REQUIRED WORK
Your task is to repeat all of the data exactly while excluding the pictures.

INPUT DATA
*** Block opens ***
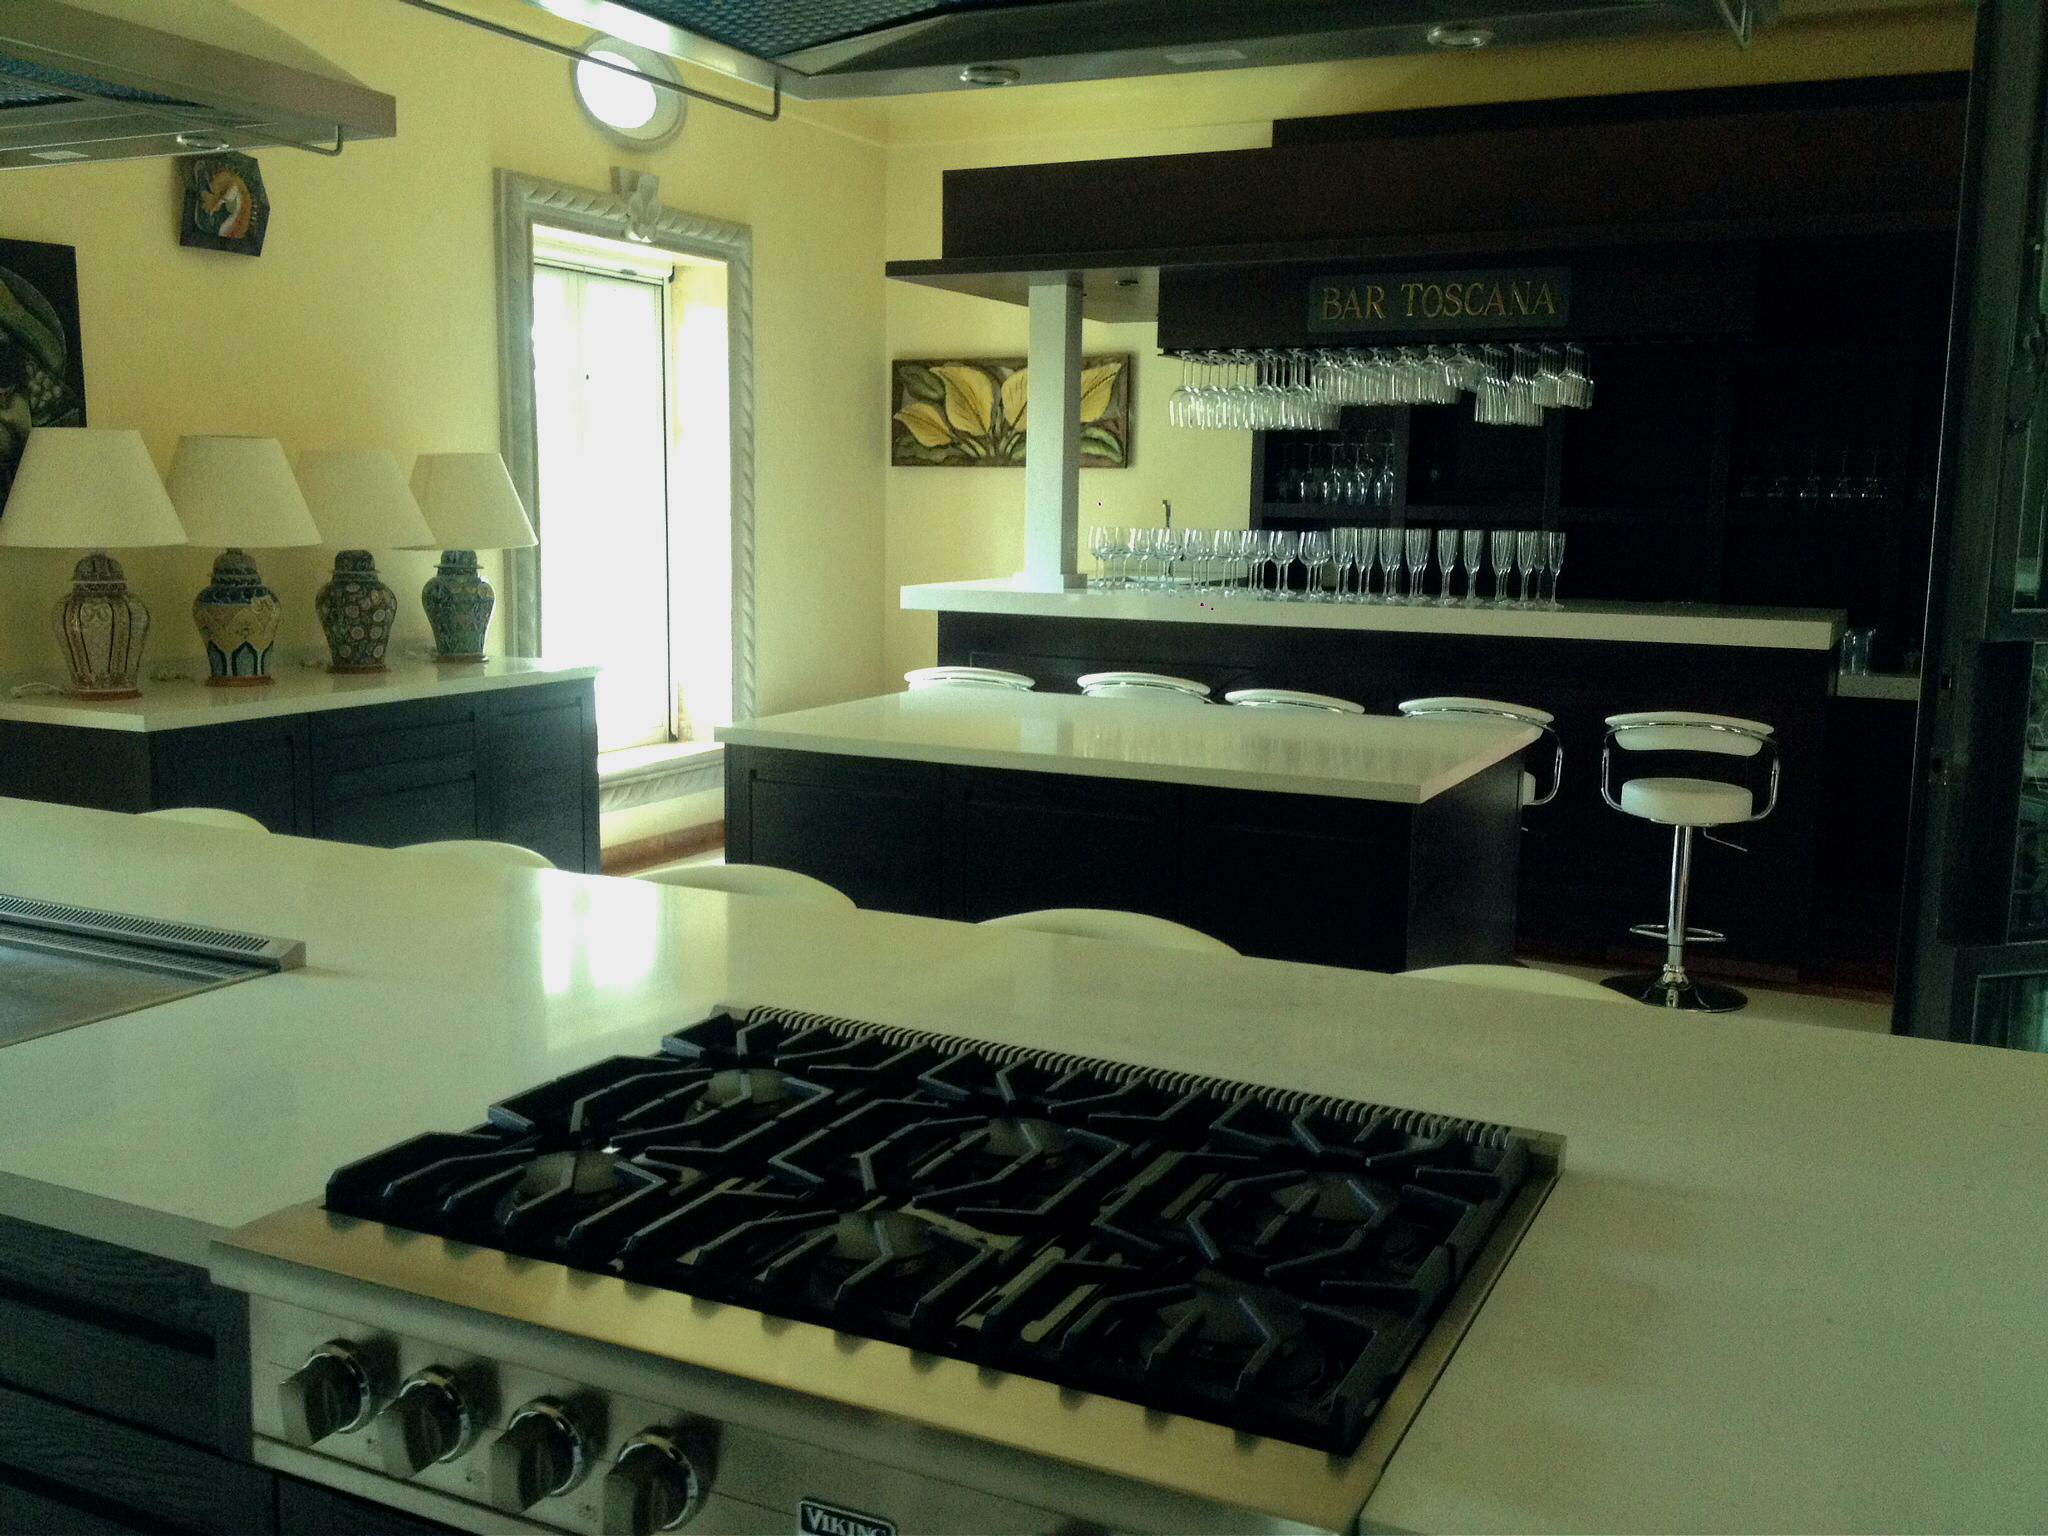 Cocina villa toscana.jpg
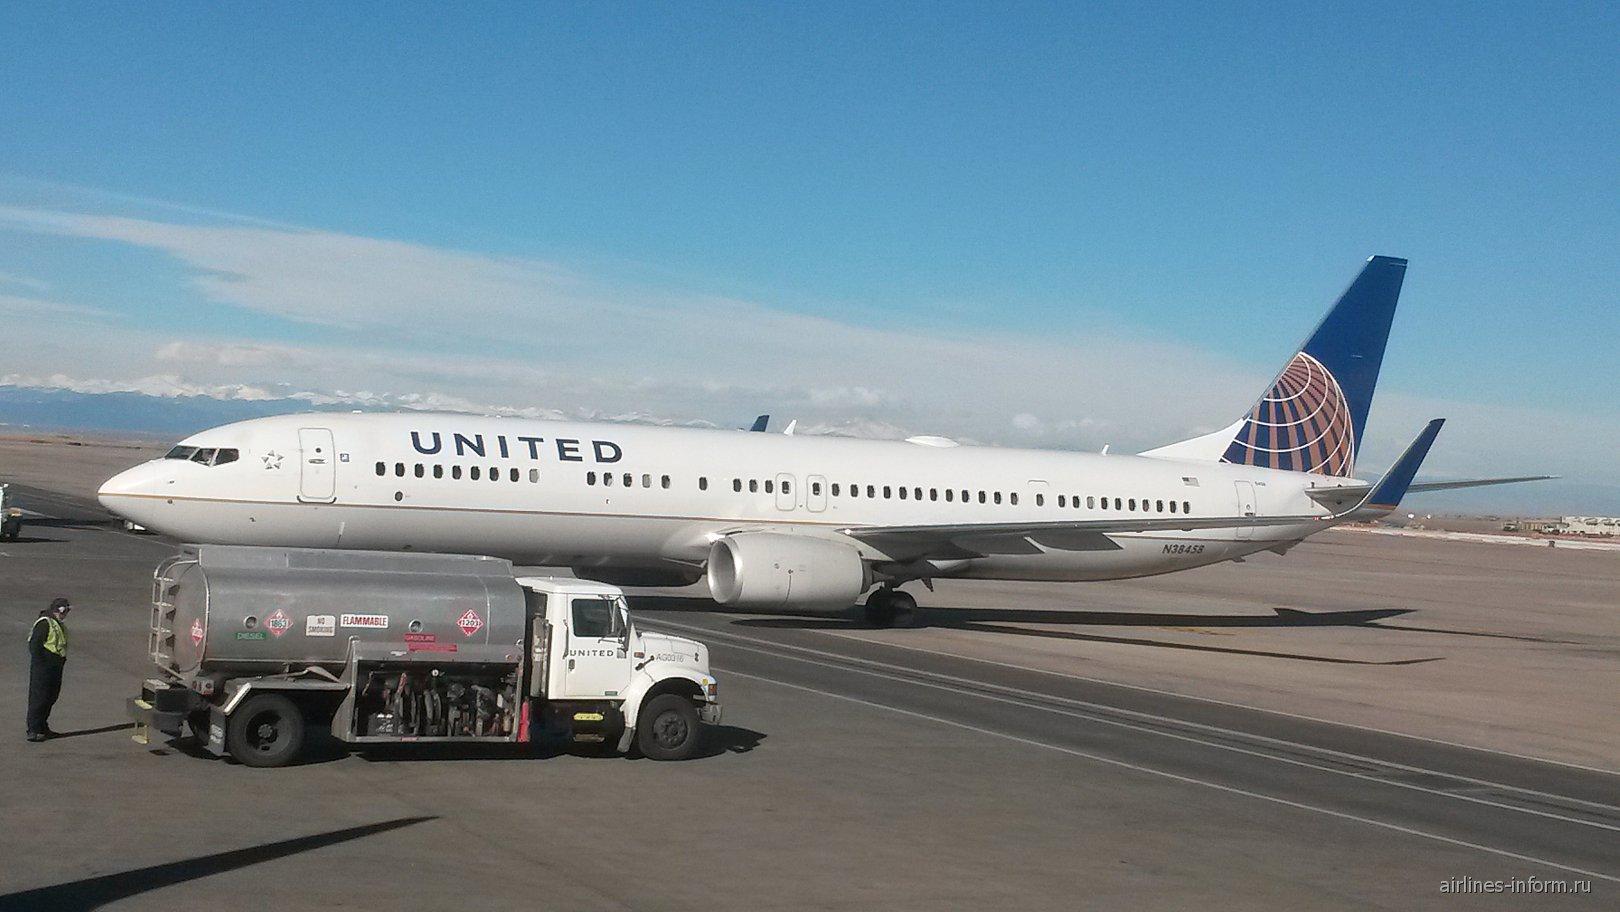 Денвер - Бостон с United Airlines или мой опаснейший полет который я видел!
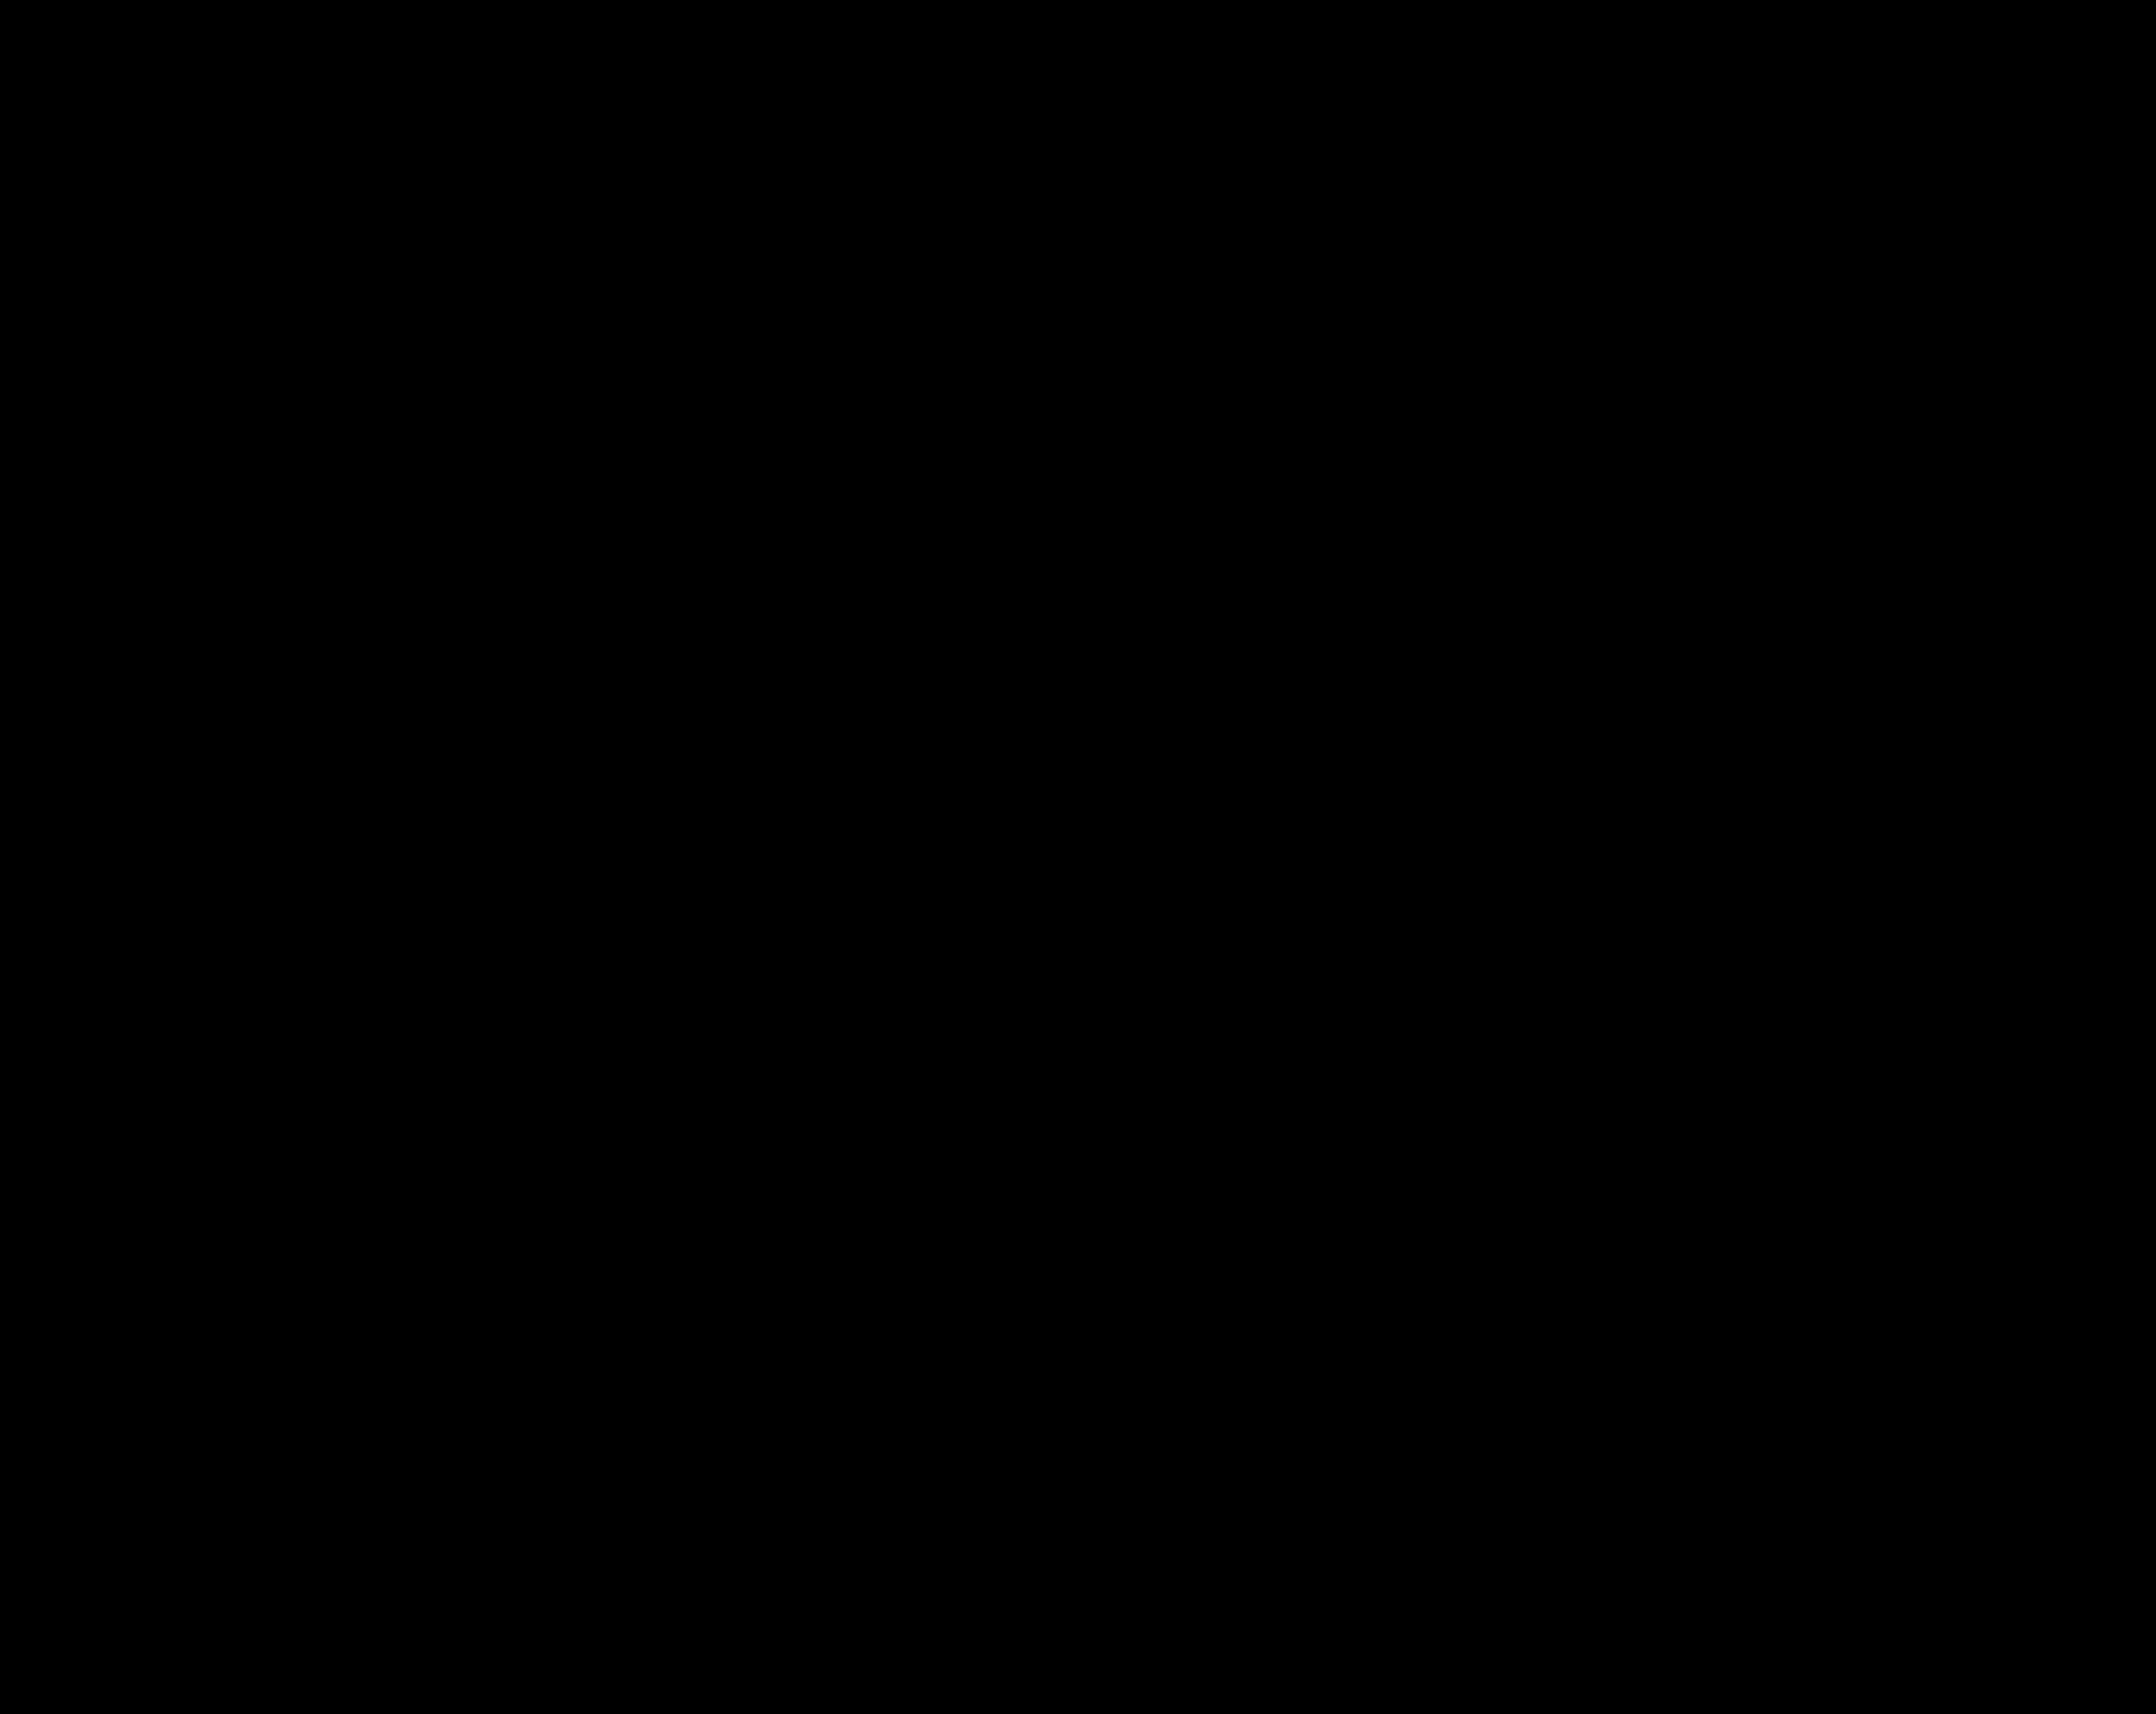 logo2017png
*** Block closes ***
YOUR SOLUTION
 Cocina villa toscana.jpg
 Денвер - Бостон с United Airlines или мой опаснейший полет который я видел!
 logo2017png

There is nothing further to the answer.